> **Exercise details**: All of the lines below are to be transcribed faithfully, with pictures excluded from the copy.

> **Given information**:
****

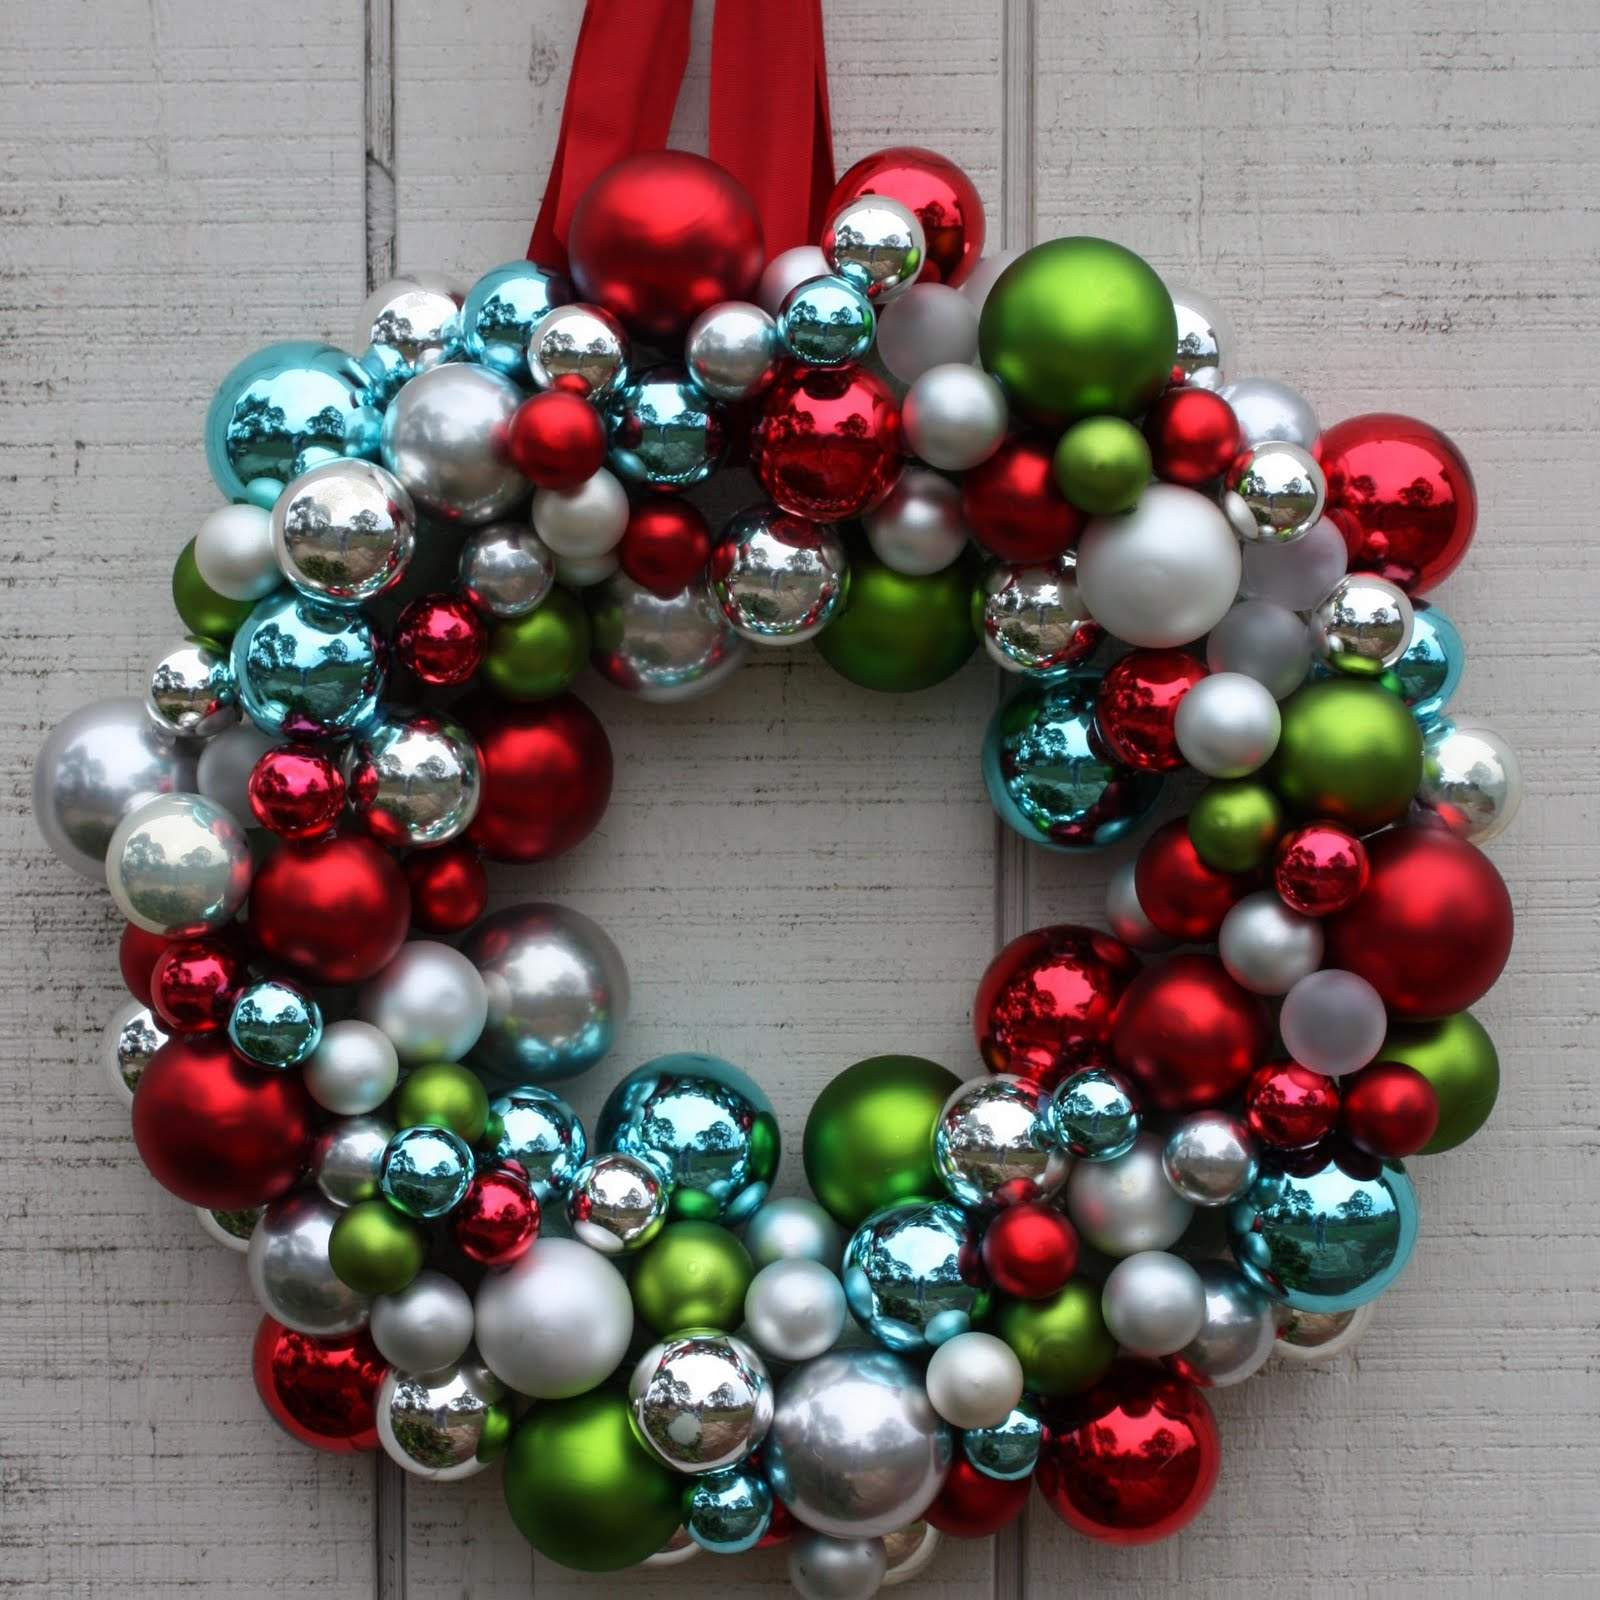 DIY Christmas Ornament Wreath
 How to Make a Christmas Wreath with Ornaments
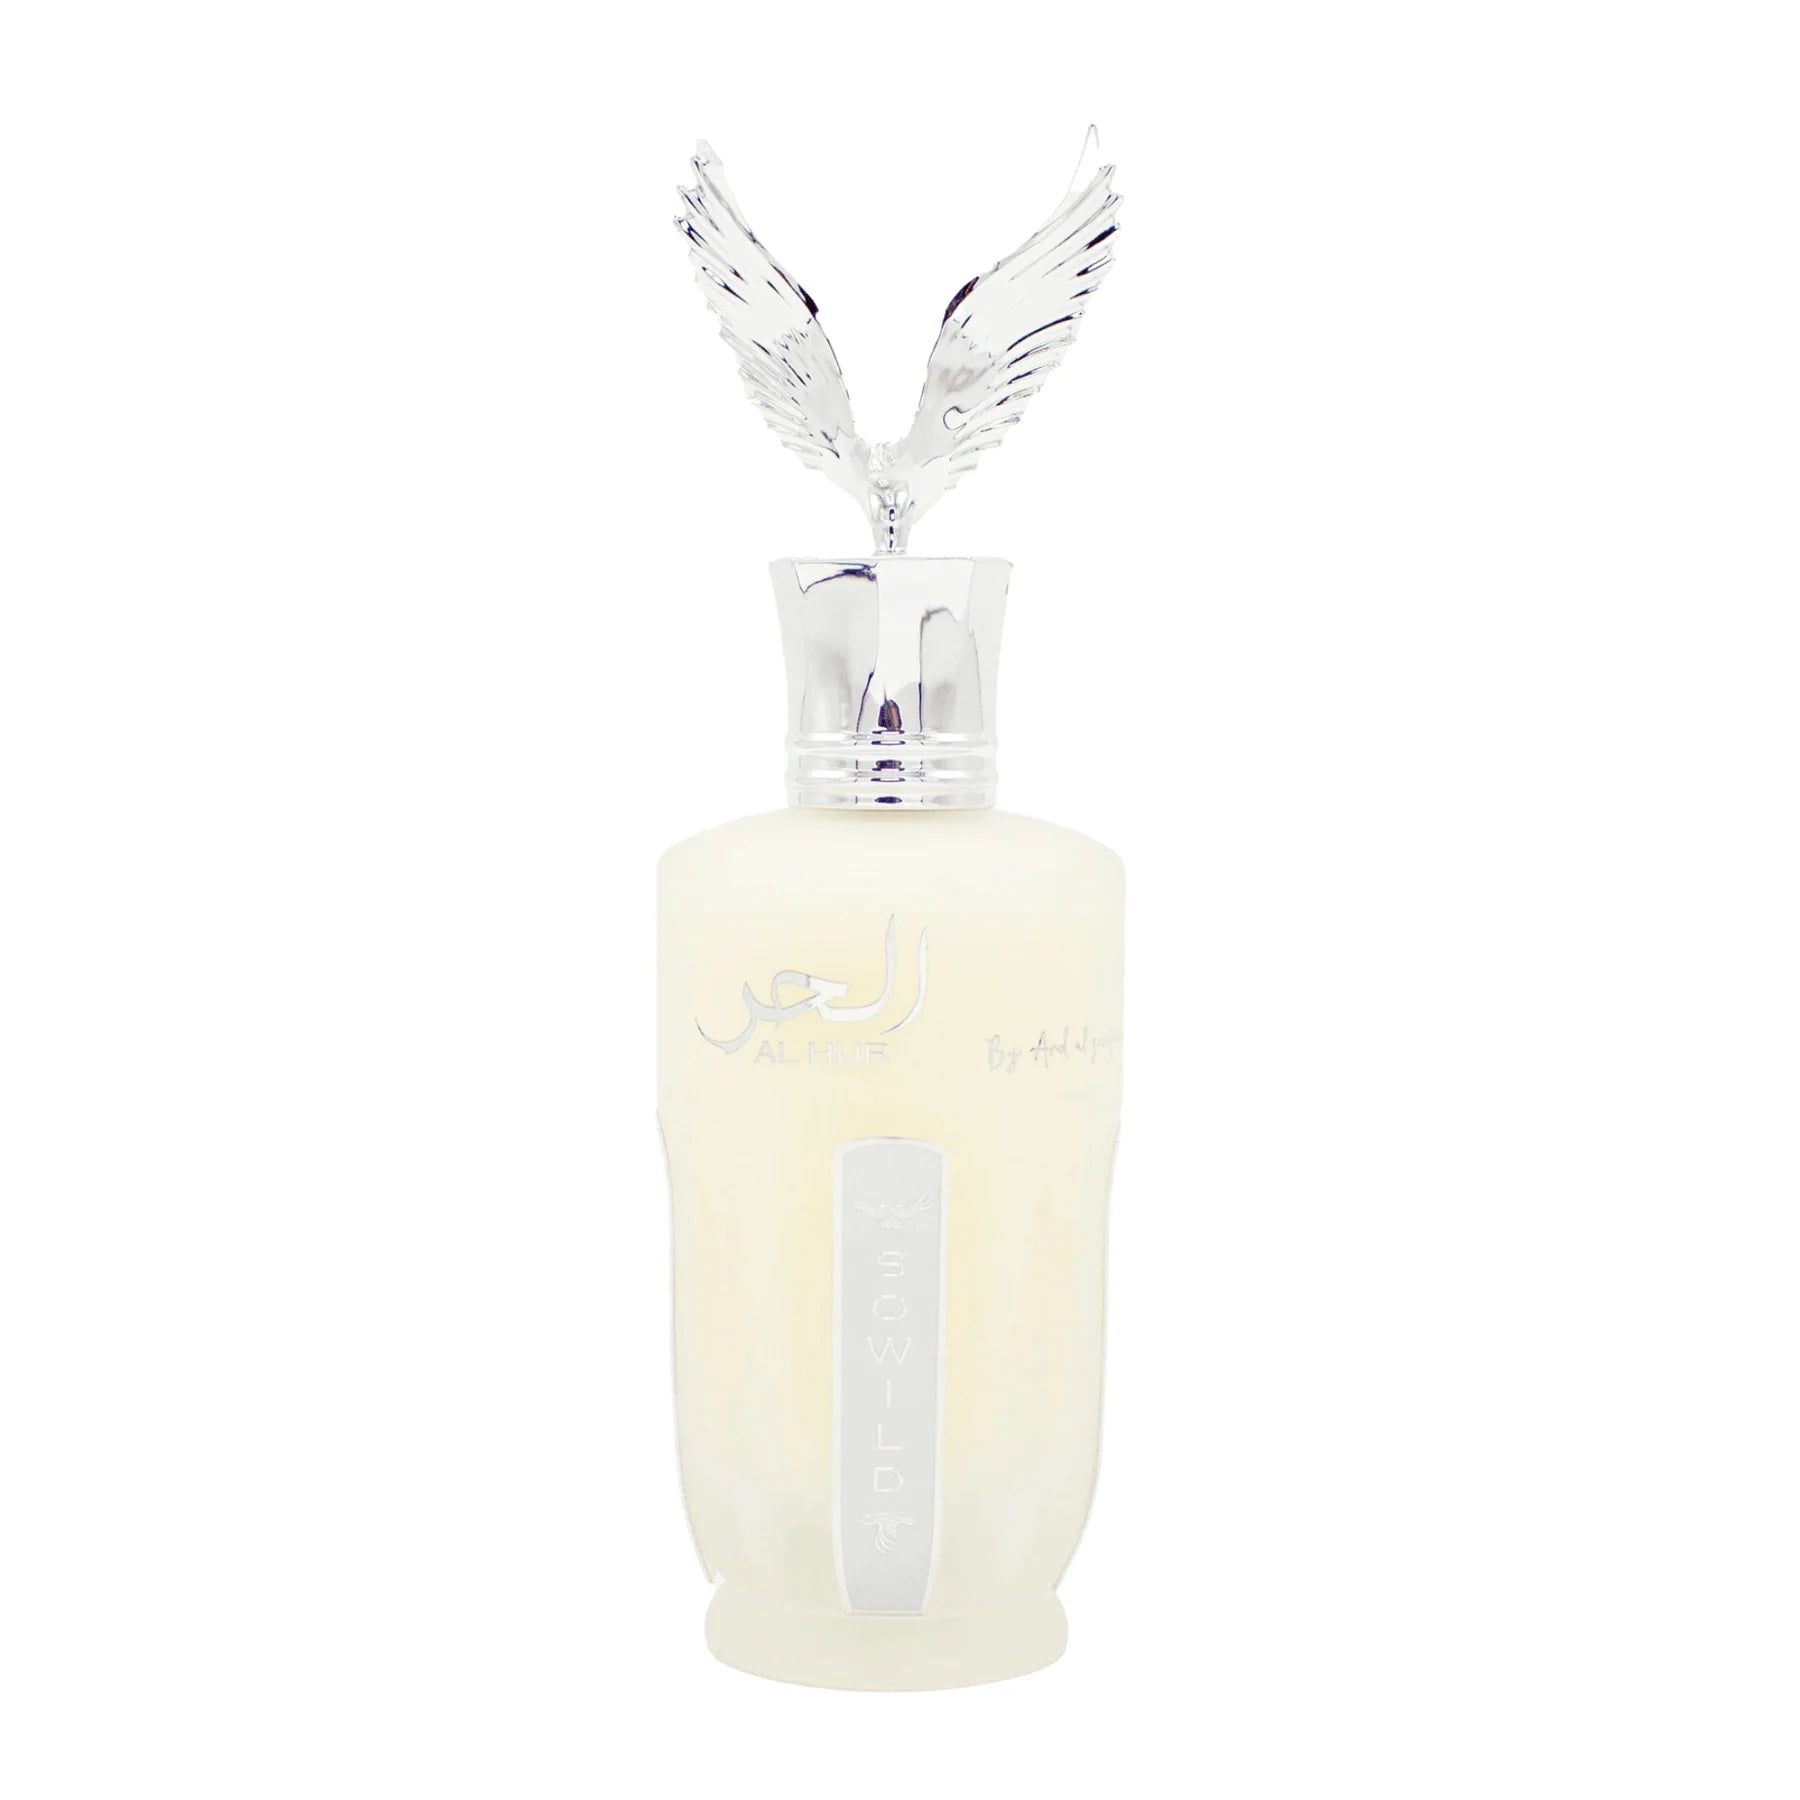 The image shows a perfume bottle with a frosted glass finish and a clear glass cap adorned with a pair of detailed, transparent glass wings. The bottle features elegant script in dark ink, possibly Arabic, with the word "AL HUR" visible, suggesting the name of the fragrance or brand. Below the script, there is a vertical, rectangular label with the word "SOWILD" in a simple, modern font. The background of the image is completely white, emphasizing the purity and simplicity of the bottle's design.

****

> **Response**:
 DIY Christmas Ornament Wreath
 How to Make a Christmas Wreath with Ornaments
 The image shows a perfume bottle with a frosted glass finish and a clear glass cap adorned with a pair of detailed, transparent glass wings. The bottle features elegant script in dark ink, possibly Arabic, with the word "AL HUR" visible, suggesting the name of the fragrance or brand. Below the script, there is a vertical, rectangular label with the word "SOWILD" in a simple, modern font. The background of the image is completely white, emphasizing the purity and simplicity of the bottle's design.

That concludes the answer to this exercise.